The Committee notes that section 135 of the Labour Code provides that in the case of voluntary or judicial winding up of a trade union, its liquid assets shall be deposited in a bank designated by the Ministry of Labour and Social Affairs and forwarded to the trade union that replaces the previous one, or if such a union is not set up within two years, be applied in the interests of the workers in the occupation concerned by order of the Minister of Labour and Social Affairs. The Committee wishes to emphasize that the distribution of trade union assets should be carried out in the first place in accordance with the bylaws of the trade union itself.
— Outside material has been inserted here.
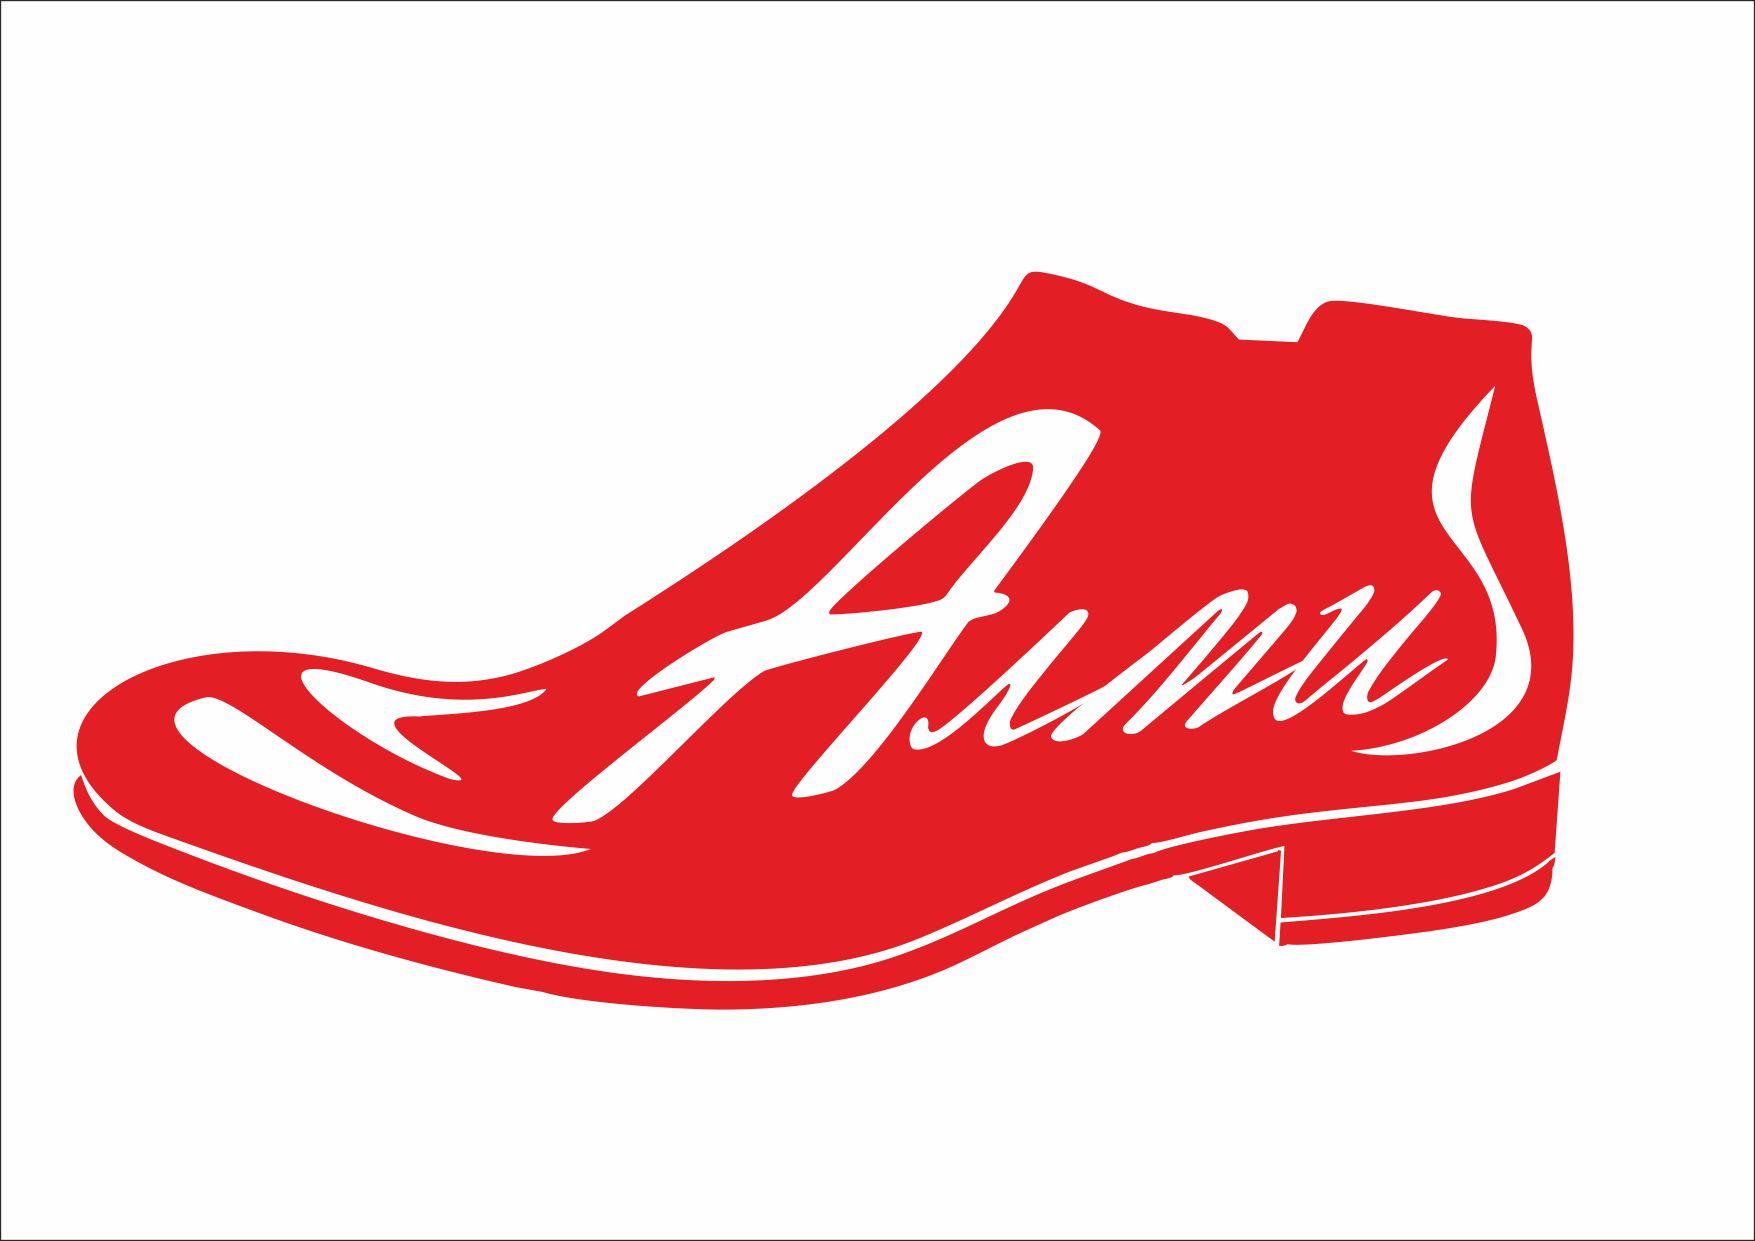 Дизайн логотипа обувной марки Алми фото f_19059d98219eda63.jpg
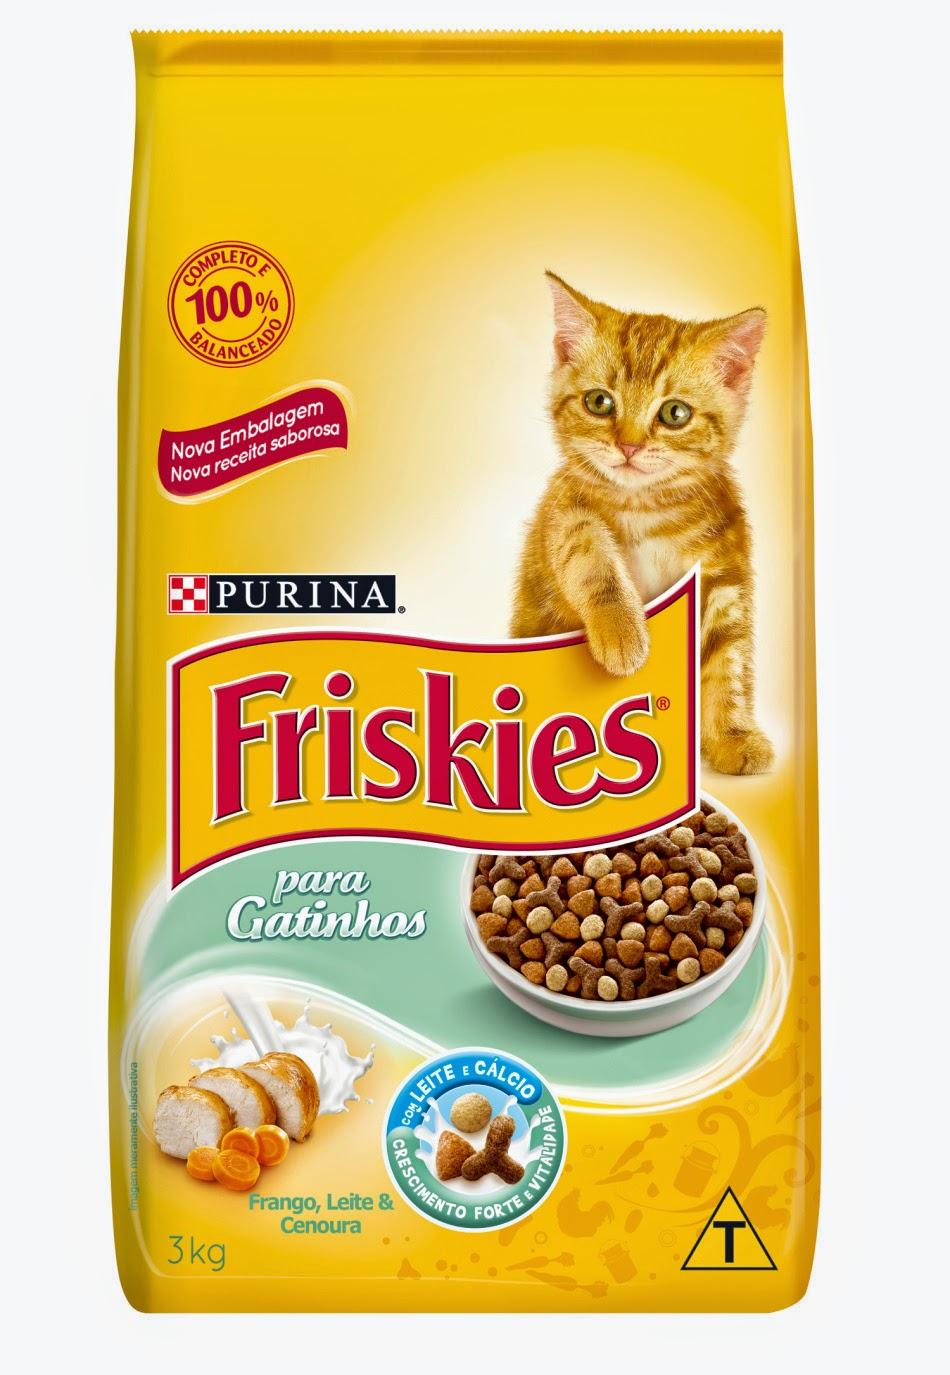 Ração pra gato Friskies

Article 5. Right of trade unions to establish federations and confederations. The Committee notes that section 137 of the Labour Code prohibits the establishment of more than one trade union federation in Libya and that Chapter XVII of Act No. 23 of 1998 on Trade Unions, Federations and Professional Associations refers to a single general confederation. The Committee considers that freedom of choice must be possible in all cases, especially when it comes to the establishment of federations and confederations (see General Survey, 1994, paragraph 194). The Committee requests the Government to indicate the measures taken or envisaged to ensure that the establishment of more than one federation and confederation is possible and to repeal any provisions which institutionalize a single organization.

The Committee notes that section 127(2) of the Labour Code prohibits trade unions from having any connection or direct or indirect relationship with any foreign trade union. The Committee further notes that section 137 provides that the single federation shall be entitled to affiliate with workers’ regional or international federations subject to the approval of the Ministry of Labour and Social Affairs. Yet, the Committee also observes that Chapter II of Act No. 23 of 1998 on Trade Unions, Federations and Professional Associations provides that trade unions or professional associations shall have the right to join international, regional and Arab organizations, while Chapter XVII(3) provides that the single federation will coordinate member trade unions with regard to external relations, regional and international conferences. The Committee observes that first level organizations as well as federations and confederations have the right to affiliate with international organizations of workers and employers freely and without interference from the public authorities (see General Survey, 1994, paragraph 196). The Committee requests the Government to specify whether first level trade unions as well as federations and confederations have the right to affiliate with international organizations of employers and workers without prior authorization. The Committee also requests the Government to repeal any provisions which may be interpreted as unduly restrictive of this right.

The Committee requests the Government to indicate in its next report the measures taken or envisaged to bring its legislation into conformity with the Convention on the abovementioned points. The Committee draws the Government’s attention to the availability of the technical assistance of the Office should it so desire.